I used Panasonic’s Lumix FT2 wet cameras for 13 years or more, a simple, slim, one-handed, all-weather P&S which didn’t have to be mollycoddled. In 2011 we even used them to make a series of packrafting viseos.
Later FTs seemed to lose the functionality of the FT2, so as they died or sank, I replaced them with used cheapies off ebay until they got too hard to find. Desert, pocket or sea, I’ve always liked the Lumix range’s preference for a wider 24mm-ish lens. Ridiculous zoom levels were far less important because picture quality dived. But after a really old FT1 burner unsurprisingly failed to survive a few minutes of snorkelling the other month, I decided to step up and get a used Olympus TG-5 after some paddle boarders rated them.
Commonly the Olympus TG-5 (now a TG-6 but nearly the same) and Panasonic FT7 (left) get rated as the best waterproof cameras you can buy. But they seem expensive for what they are. And when you consider the tiny zoom lens tucked inside the inch-thick body, you’re never going to get great shots, especially in low light or at full zoom.
Even then, my FTs always needed to be tricked into slightly lower (correct) exposures by half-clicking on the sky, pulling down and composing before clicking. It was only when I got a Lumix LX100 that I realised
a: how handy an EV Comp dial (left) is; I use it on almost every shot. And
b: how relatively crappy some of my FT pics were. I used the FT less and less.

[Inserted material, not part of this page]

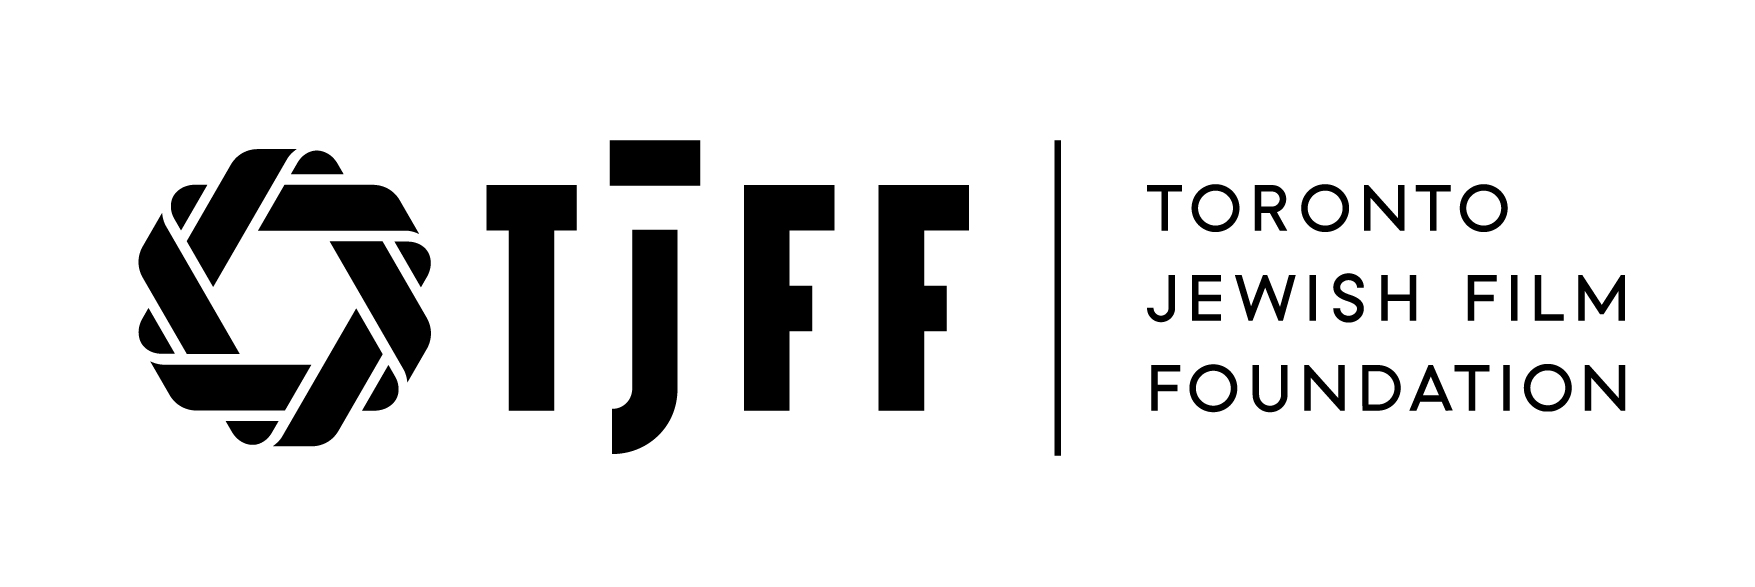 Toronto Jewish Film Foundation logo

With all the essential controls on the body, not buried in a menu, the compact LX was very nice to handle, but of course wasn’t suited to paddling. It wasn’t so suited to desert travels either (I do that too).
Like all such cameras, each time you turned it on, the telescoping lens sucked in dust which stuck to the sensor and appeared as dots on most images. It drove some owner-reviewers nuts. On an LX you can’t reach the sensor as you can on a DSLR, even if the specks can easily be erased in iPhoto. Or, here’s a great trick: zoom your fixed-zoom camera in and out as you hoover the lens (left). I did again a year after a pro clean and it really worked.

There was nothing I could do about the LX’s ailing zoom motor which got slower and slower and eventually needed a tug to extend and a push to retract. The 2018 LX100 II got some improvements, but weather-sealing wasn’t one of them so I reluctantly flogged the LX and now use a similar-sized weather-sealed Sony α6300. (A great list of mirrorless, weather-sealed cameras.).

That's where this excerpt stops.